* [EXERCISE GOAL] Among the entries below, the lines from the one with "real-wedding-vintage-estate-yountville-bride.jpg" up to and including the one with "9teilige Sammlung versch." are to be restated exactly, without pictures.

* [SUPPLIED DATA]
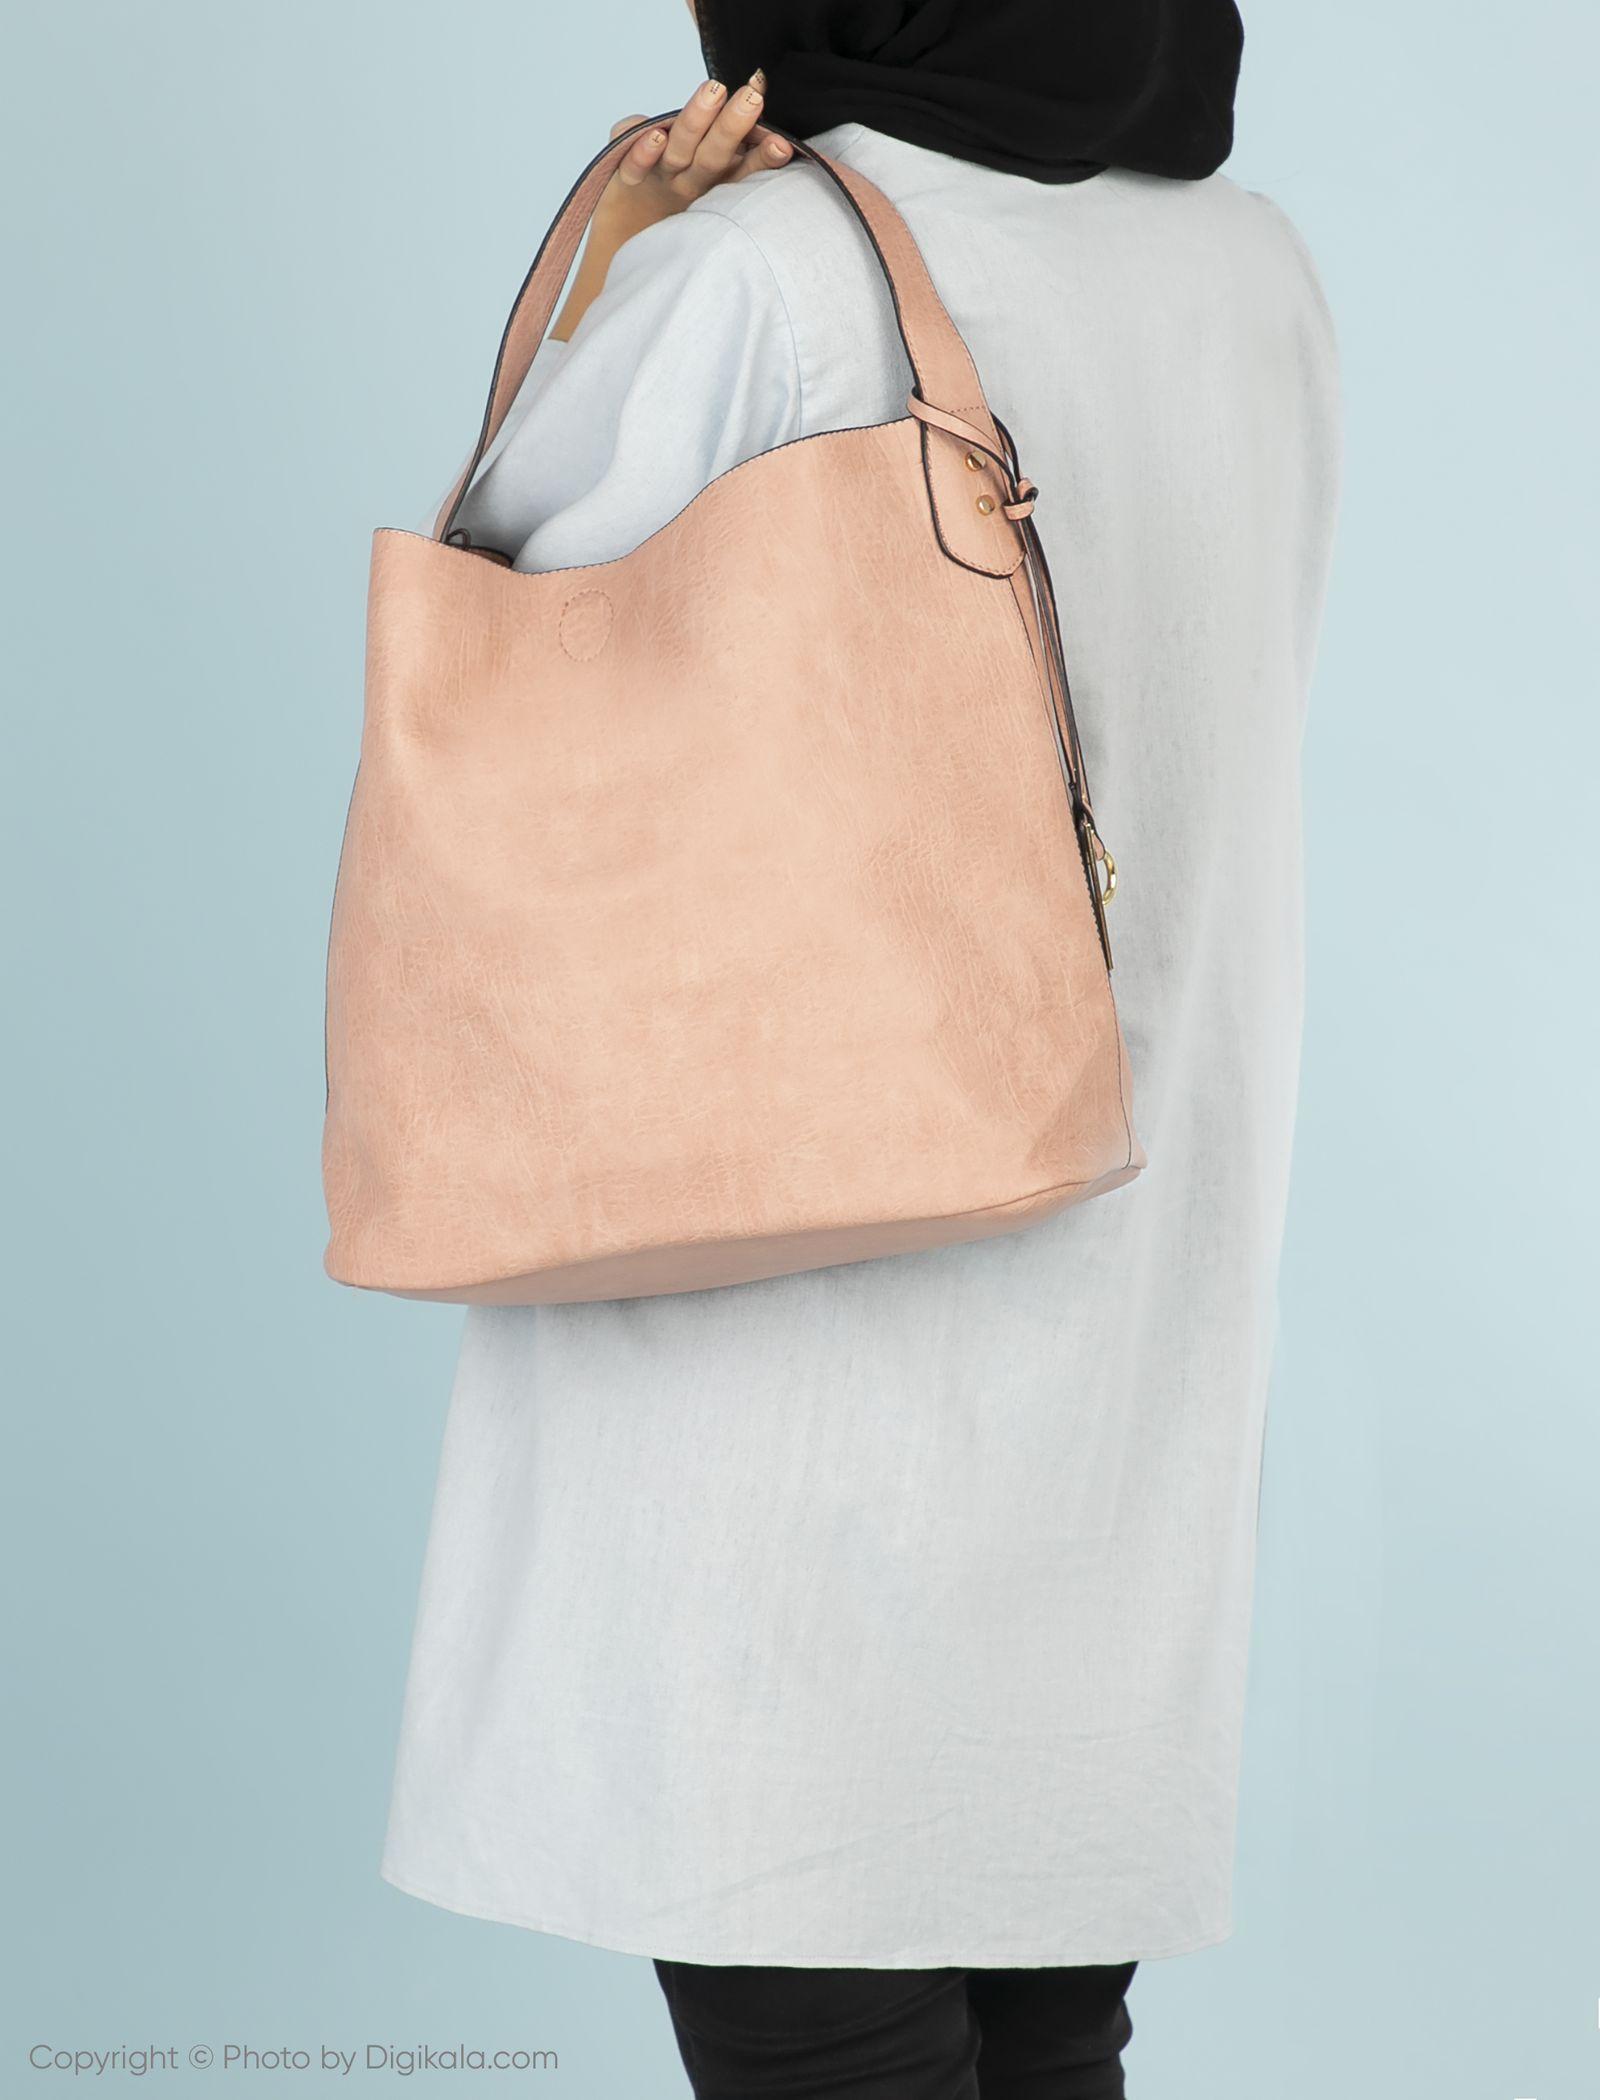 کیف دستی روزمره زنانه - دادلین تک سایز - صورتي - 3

--

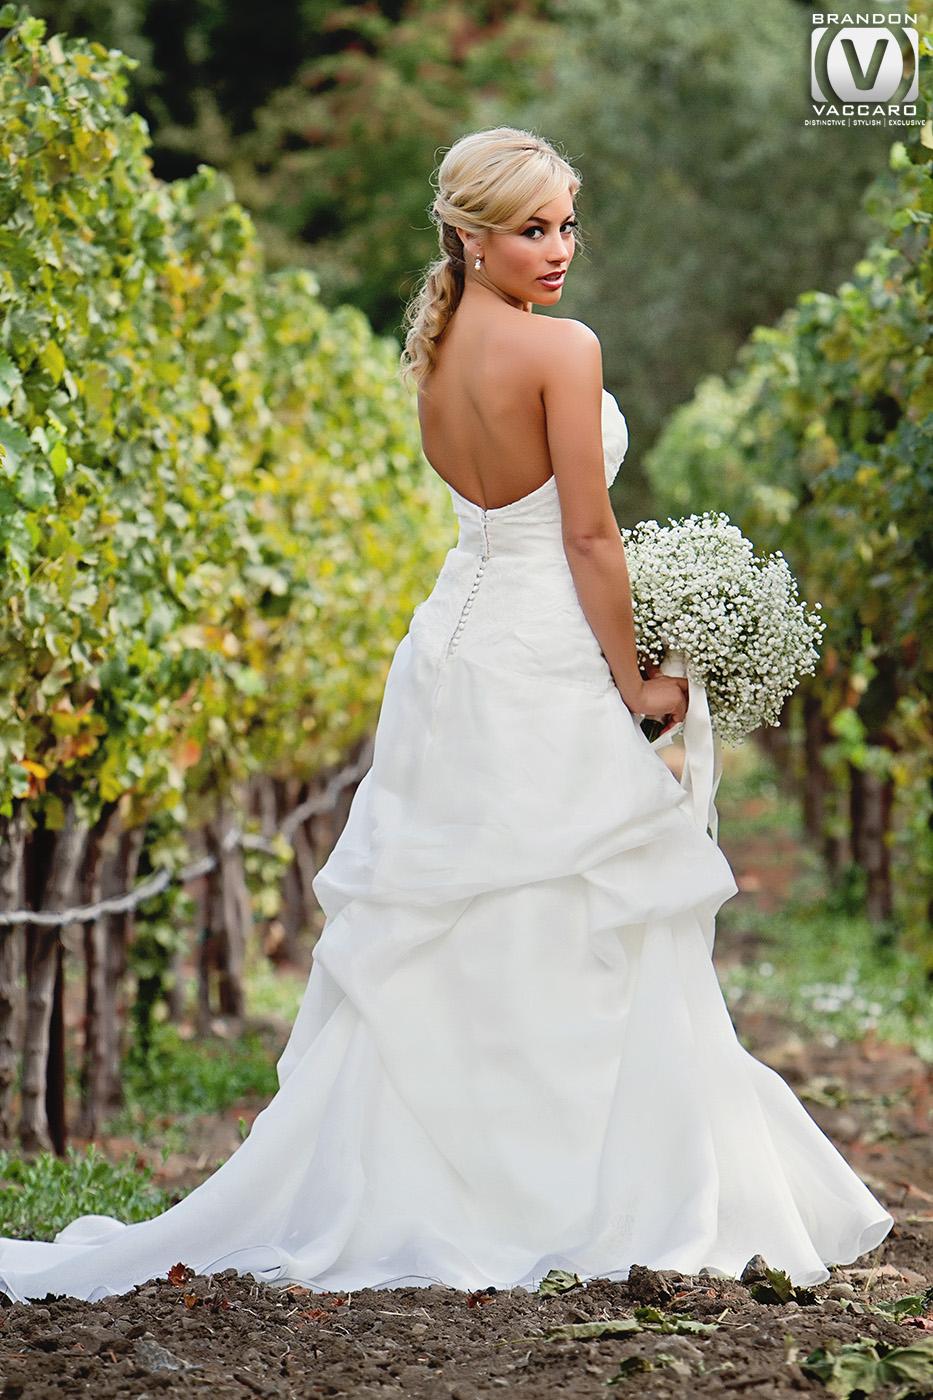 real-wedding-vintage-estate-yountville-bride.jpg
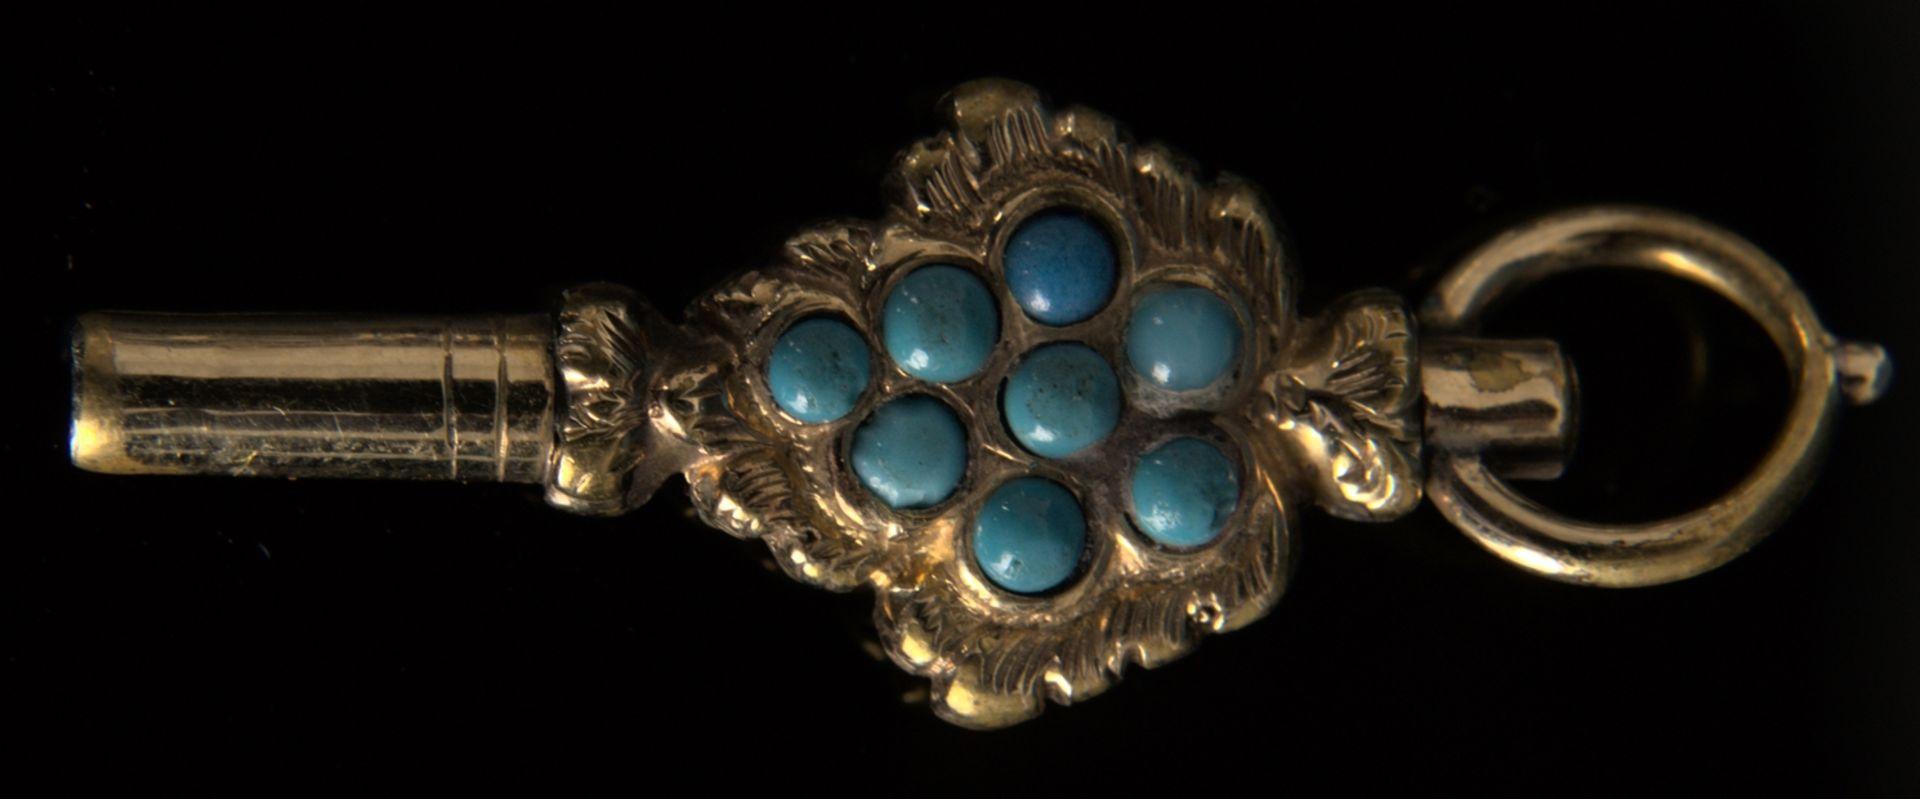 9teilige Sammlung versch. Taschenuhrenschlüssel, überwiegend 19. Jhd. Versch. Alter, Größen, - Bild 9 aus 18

* * *

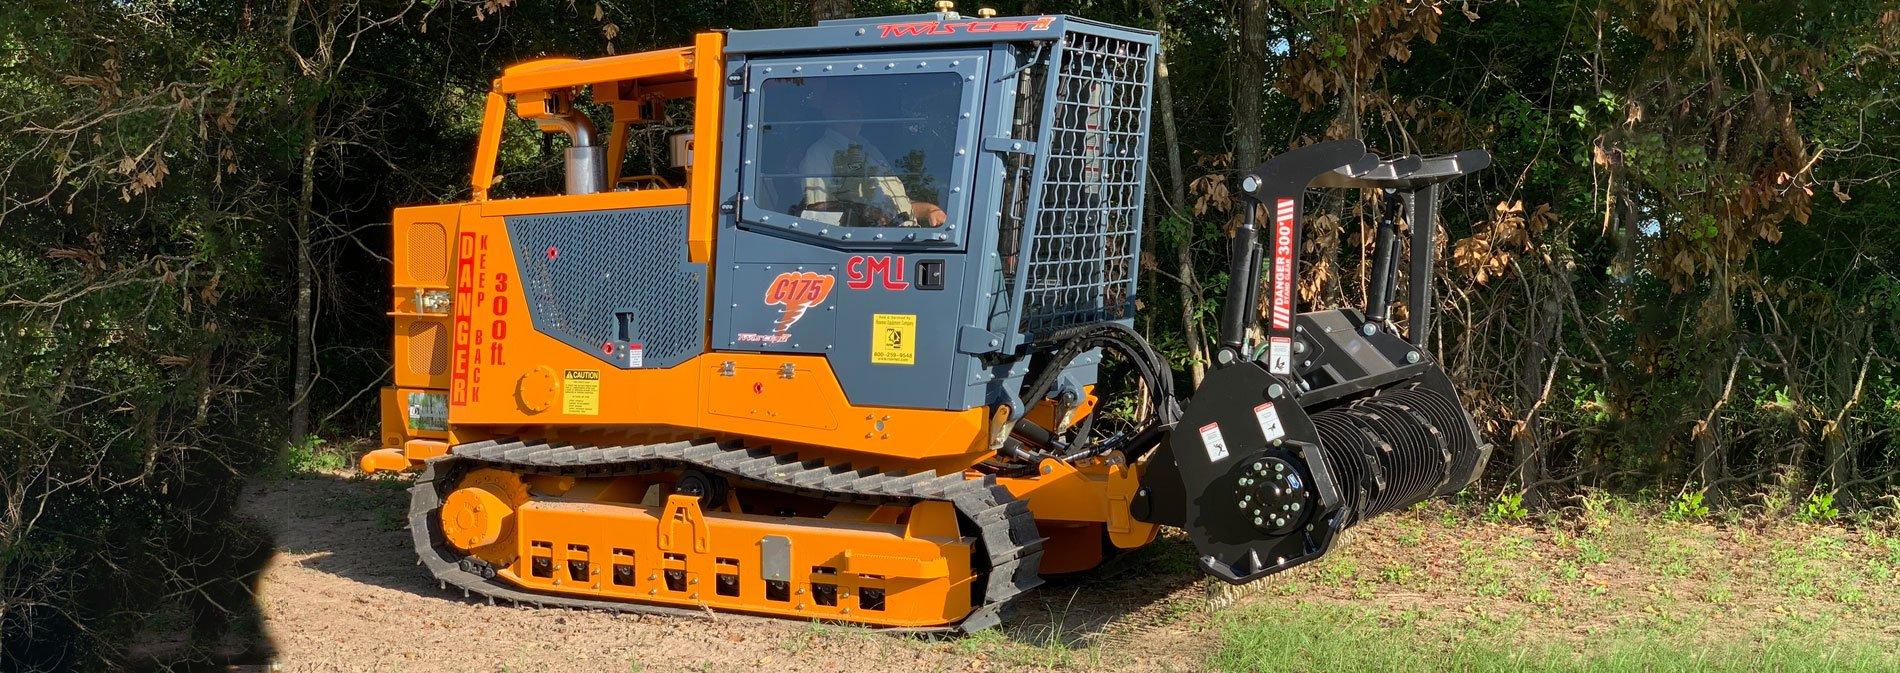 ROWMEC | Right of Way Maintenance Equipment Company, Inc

* [YOUR RESPONSE]
 real-wedding-vintage-estate-yountville-bride.jpg
 9teilige Sammlung versch. Taschenuhrenschlüssel, überwiegend 19. Jhd. Versch. Alter, Größen, - Bild 9 aus 18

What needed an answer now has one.